Hello Nazim, when I did the eye test a few weeks ago the nurse told me that she'd never seen anyone as colourblind (as me) before. I guess I only mangaged to recognize the first number and failed on all the other ones. After that, I went to the RTA and got my drivers license converted without a pain. So, I really think you should be alright....

Then it must be all the non-colourblind drivers who drive like maniacs in this city...


----------



## Maz25

My boss is colourblind and he has a driver's license. It seems that the test results do not mean anything here. One of the guys who did his eye test when I was at one of the driving schools failed his miserably - he couldn't read a single thing. The test result said that he had 20/20 vision but then he got told that he needed classes! Now you know why some people never seem to see you until it's too late ...


----------



## nazimm

MarcelDH said:


> Hello Nazim, when I did the eye test a few weeks ago the nurse told me that she'd never seen anyone as colourblind (as me) before.
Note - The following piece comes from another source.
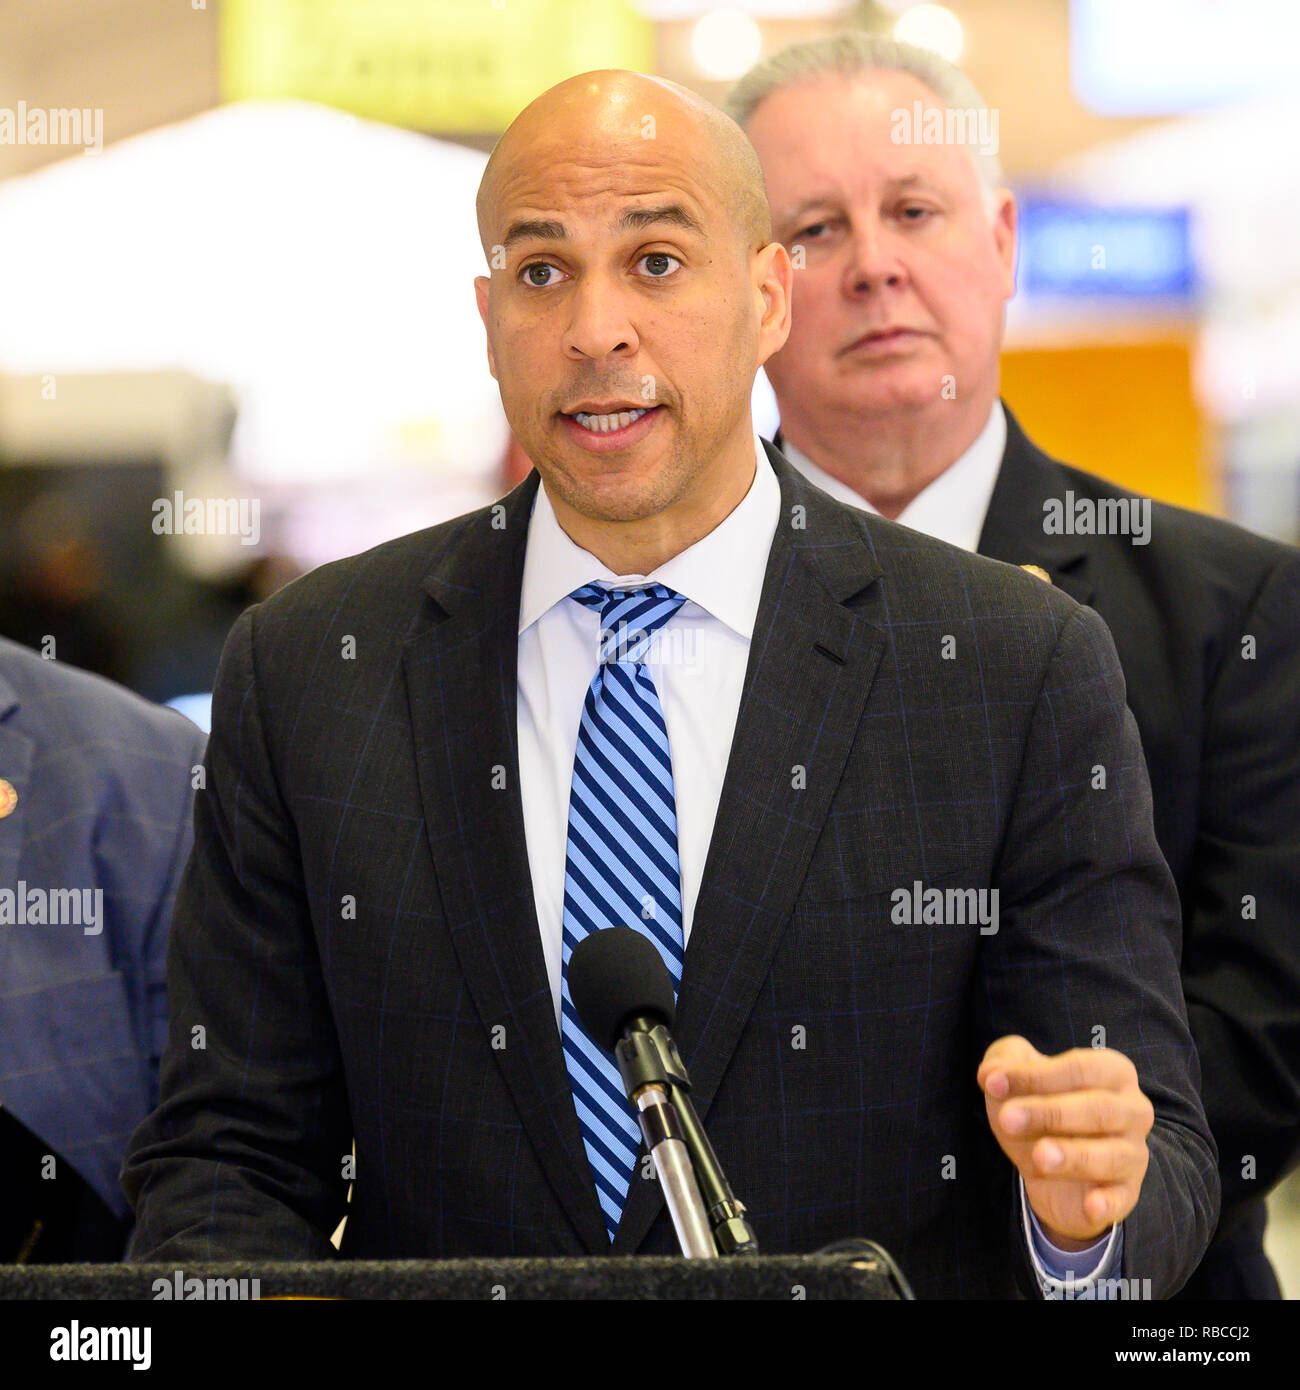 U.S. Senator Cory Booker (D-NJ) seen speaking at a news conference at Newark Liberty International Airport to demand an end to the partial government shutdown leaving thousands of federal workers in New Jersey without pay and to highlight the impacts of lost services being felt statewide. At Newark Liberty International Airport in Newark, New Jersey. Stock Photo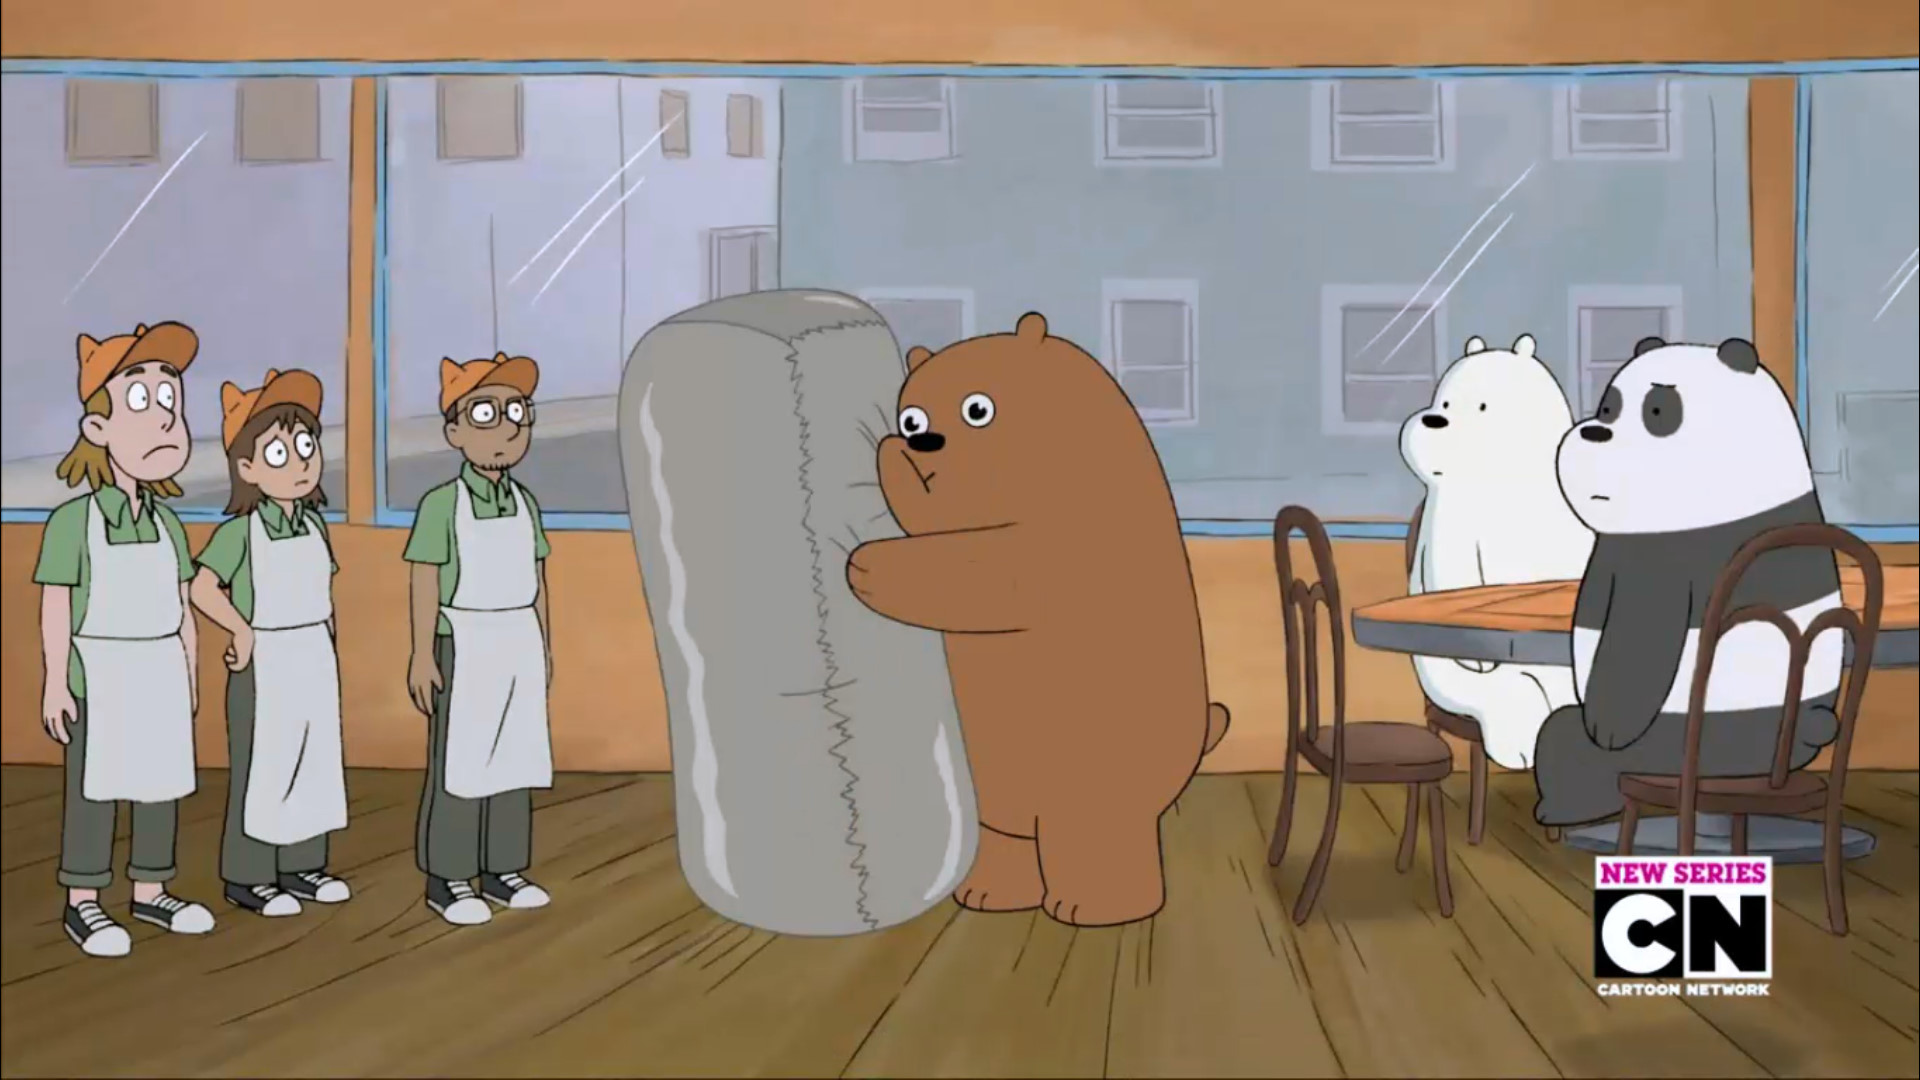 1920x1080 [We Bare Bears] Could someone explain this?

I guess I only mangaged to recognize the first number and failed on all the other ones. After that, I went to the RTA and got my drivers license converted without a pain. So, I really think you should be alright....
> 
> Then it must be all the non-colourblind drivers who drive like maniacs in this city...


Thanks for this !!!

I also got the first one right, number 12.. Will take my chances at the RTA and see what happens. Really wackos on the road here!!! Then again, drove for over 3 years in France and I must say, the only difference is the speed, otherwise, looks OK to me 

Thanks to all. Will report back after the RTA trip tomnorrow....


----------



## mikeyb

I also failed the colour blind test, but the very nice lady at the eye test centre, ticked the pass box.


----------



## nazimm

mikeyb said:


> I also failed the colour blind test, but the very nice lady at the eye test centre, ticked the pass box.


Where did you do the test? RTA?
I like nice ladies!!!!


----------



## nazimm

*Got it!!!*

Hi All

Just reporting back as promised... Went down to Licencing centre in Barsha and took less that 15 minutes to walk out with the Licence and 160 Dirhams lighter 

Thanks to all of you for the help and support.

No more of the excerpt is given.